That they do, but theres a lot of conflation between using a parser (which ultimately just collects combat log data) and using third party mods that affect fight difficulty. YoshiP did distinguish between these two facets. His concern regarding Parsers isnt about number crunching, its about harassment that he said ensues.
Cheaters ruin games.
Anticheat software that's forced to run as administrator ruins operating system stability and security.
Neither is great. (One is admittedly more likely to cause catastrophic data loss than the other, though.)
Anti-cheat programs are by a large majority causing more harm than good.
They can break the game and force you to reinstall it n stuff[and ffxiv has no file repair as far as im aware of so even worse]
They are scanning your entire PC[hello privacy?]
And they are easily bypassable as many MMOs who have them have proved to be.
I have a friend who legit uninstalled a game she had 'whale' gear on due to them adding an anti cheat program which searched her computer.
Privacy is important~
So no getting one is only gonna make things worse for everyone[Least those who actually researched them].
Last edited by Sathona; 02-08-2020 at 10:25 AM.
This quite possibly leads to an escalating cold war between devs and tool authors, though. Folks start hooking DX11 to inject new "cheaty markers" into the game's rendering canvas, so SquareEnix introduces an integrity check and the game quits if anything is mucking about in the graphics pipeline; that shuts down the tool—and things like ReShade—at the cost of other overlays like Discord's, StreamLabs OBS, etc. So now you can't use Discord with FFXIV, and meanwhile the tools devs write their own video driver that acts as a proxy to the real drivers and hook the rendering there, so SquareEnix makes it so that FFXIV only runs on a machine where it can validate the digital signature of the active video driver, so...I mean, to be fair, FFXIV is software and software is infinitely malleable if you have the understanding to do so. If people really wanted their combat markers back for statics, it would be child's play for a 3rd party marker overlay to be made. Hook D3D11, extract the various orientation and position matrices of the camera, implement some kind of editor, and use something like the Steamworks API for separate, peer-to-peer networking without passing around IP addresses.
It's not a fun path for anyone involved. (Except maybe the tool authors if they genuinely enjoy the challenge of finding the next loophole, which—to be fair—many software engineers do.)
To be honest, if they got rid of my ACT and of my mods, I would quit the game.
Now, I understand why it's officially in the rules. Because people can, and have, abused such things. People have installed mods to make other characters nude without their consent, or even worse, to make digital children do inappropriate things. It's a gross world out there. Some users of ACT have, as well, used it to harass others. I totally understand that. And that's exactly why they make these rules, so they can go after these folks who do bad with these tools and say "hey, this stuff is against the rules, we don't need any further excuses, you're banned."

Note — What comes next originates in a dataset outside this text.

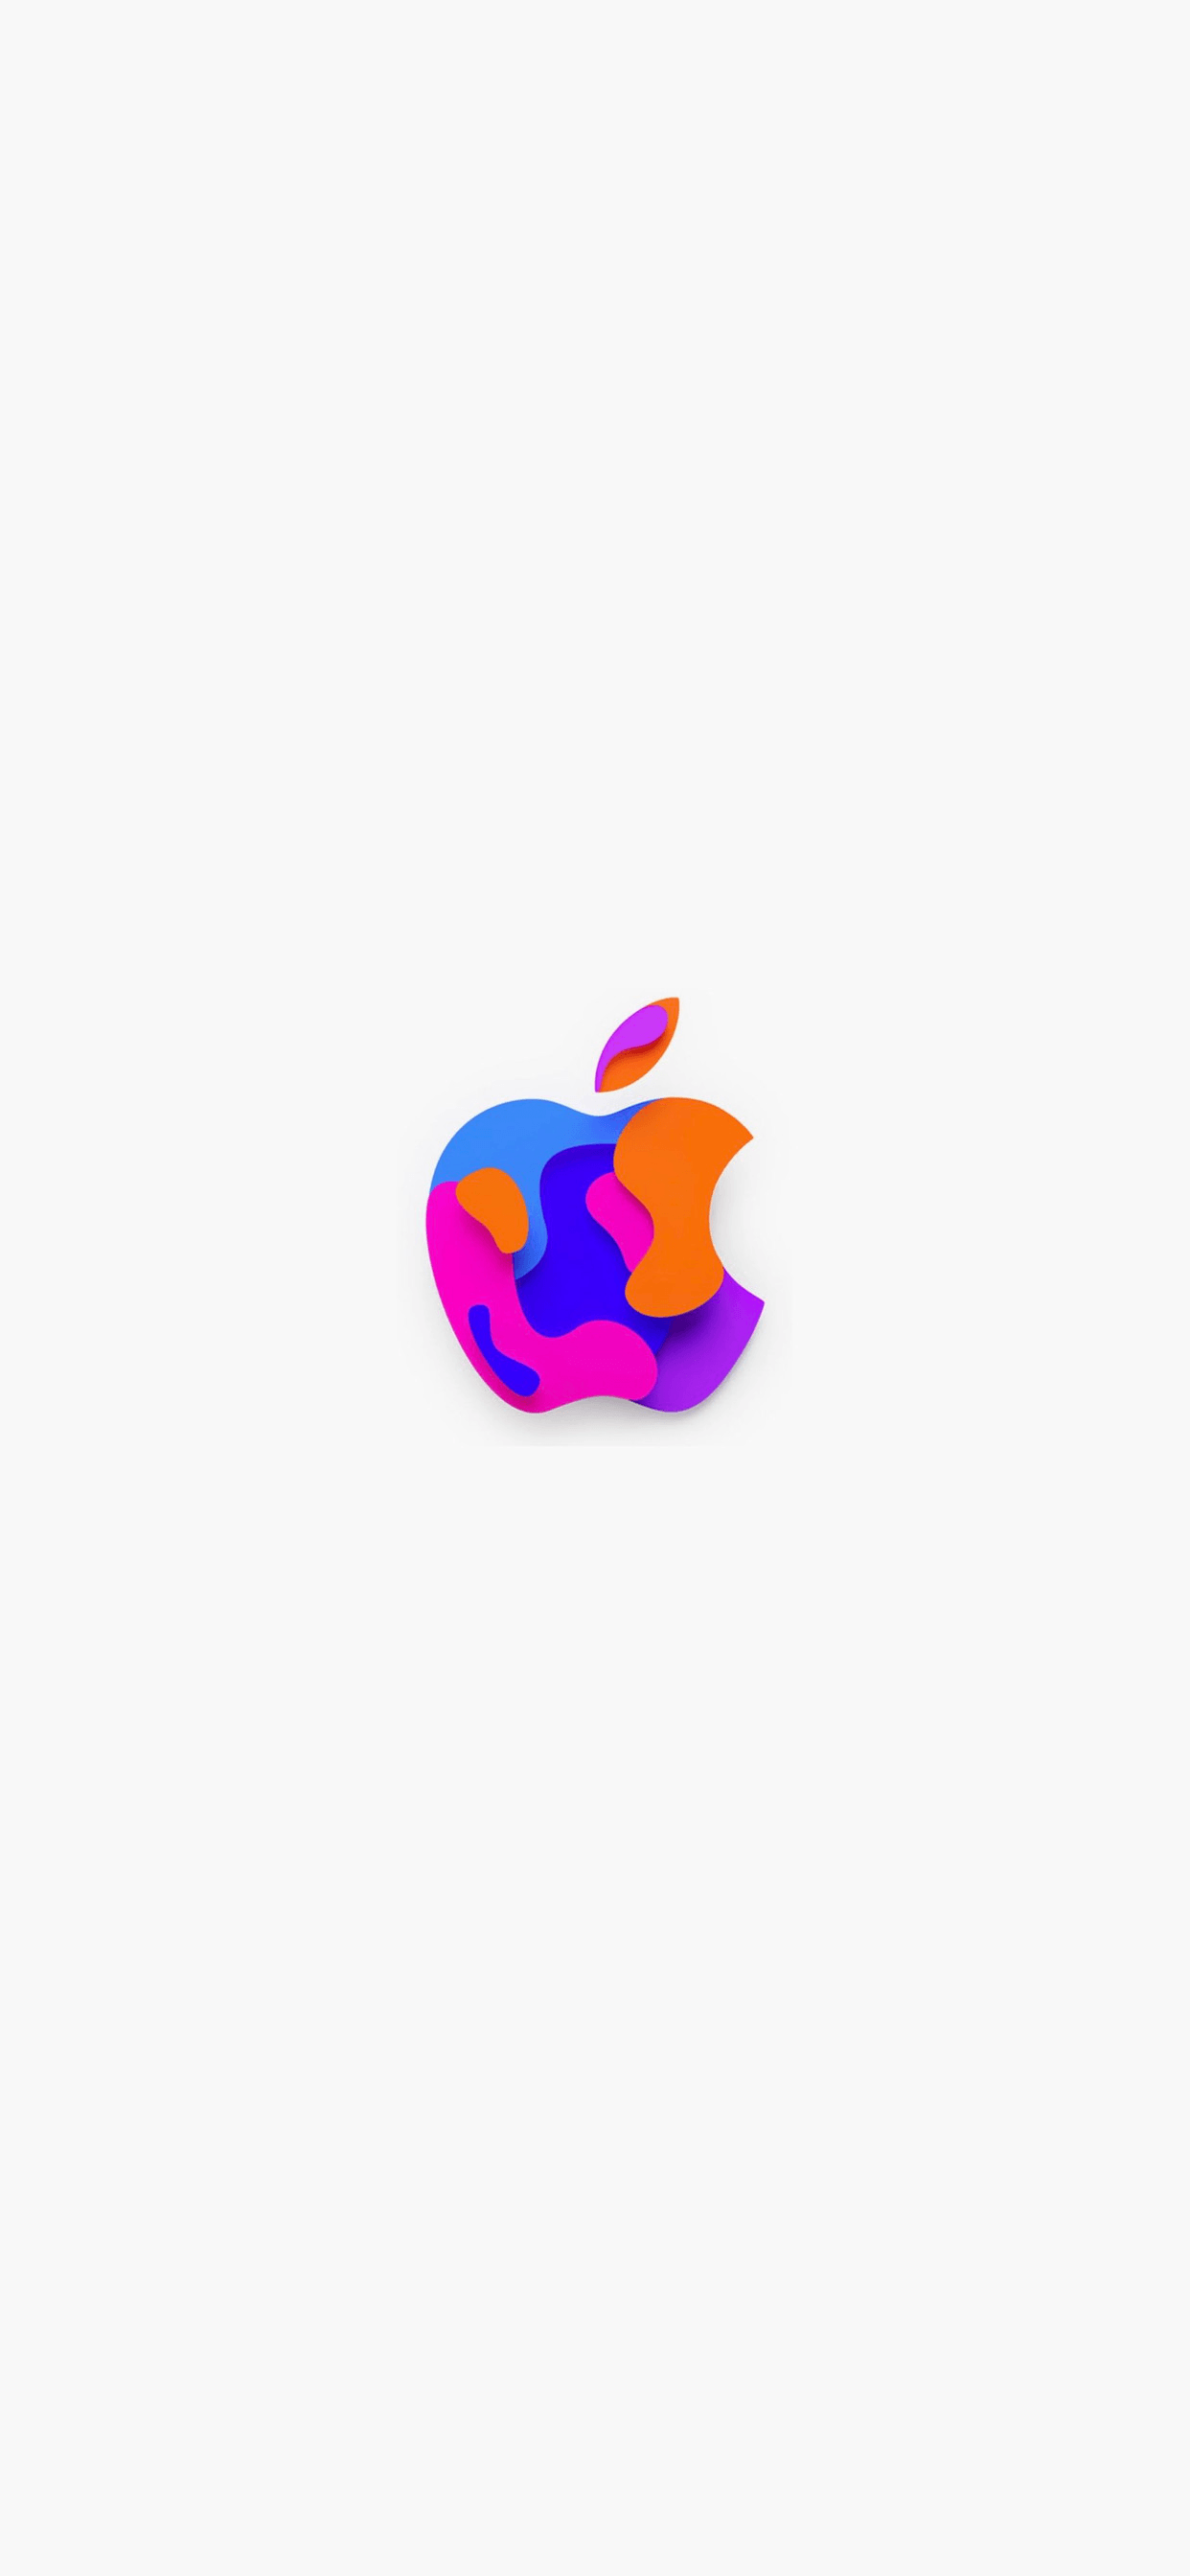 2018 Apple Logo - There's more in the making: 33 Apple logo wallpapers

But other people, myself included, use ACT to better themselves. Some people use mods to put their character in a pretty dress. I use mods to make my character's tail into a floofy fox tail. When you are using mods to affect only your own experience, and not to give yourself any advantage, there is no harm to it. And they have many, many players who use these tools for completely benign purposes.
They would be utterly foolish to actually go down a route to totally enforce these rules. So I'm going to keep using ACT to try and better myself, and I'm going to keep enjoying pretending my miqo is actually a fox, and if I get banned for that, then I don't want to be supporting this game anyway.

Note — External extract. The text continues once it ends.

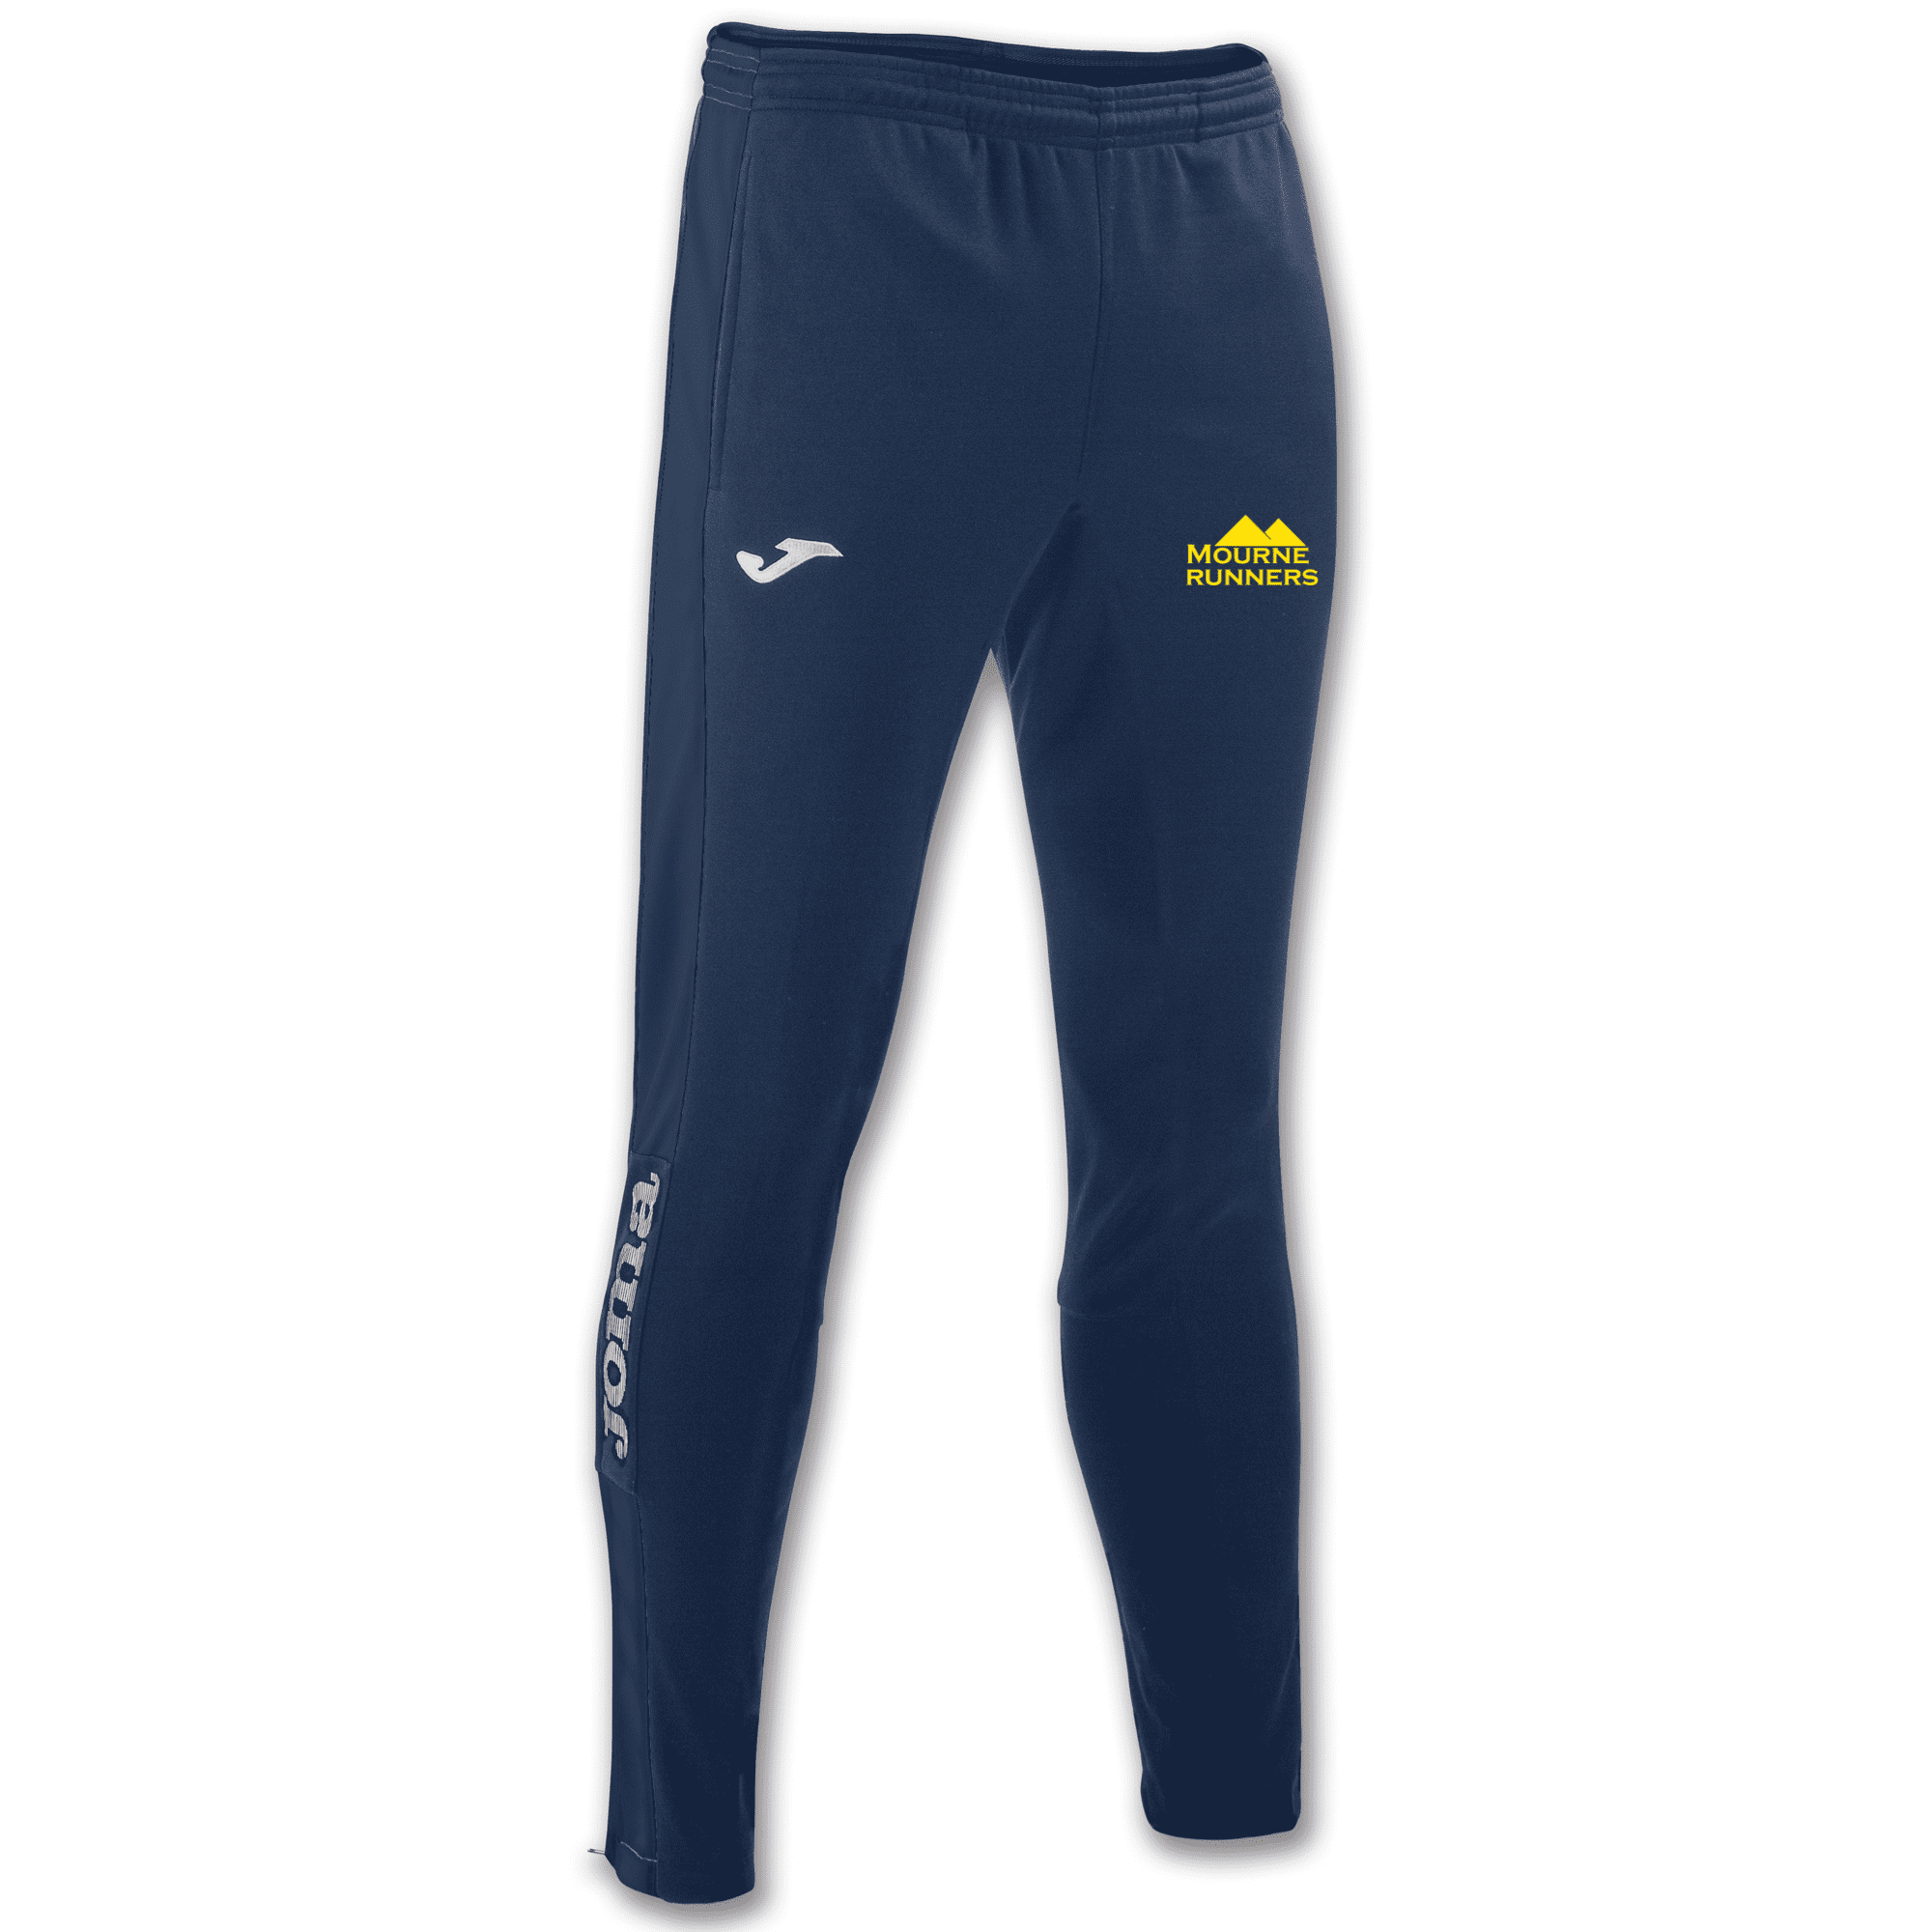 Mourne Runners Joma Combi Gold Trackpants

I have no beef with parsers or appearance mods if they're not being abused, but things like the AoE display overlay and bots really need to go.
Not sure what they can do about the former, but I''m not sure why it's so bloody difficult to get any users of the latter banned when they demonstrate painfully obvious and abnormal patterns of activity.
Last edited by KageTokage; 02-08-2020 at 09:36 PM.
So how exactly would this anti-cheat detect ACT?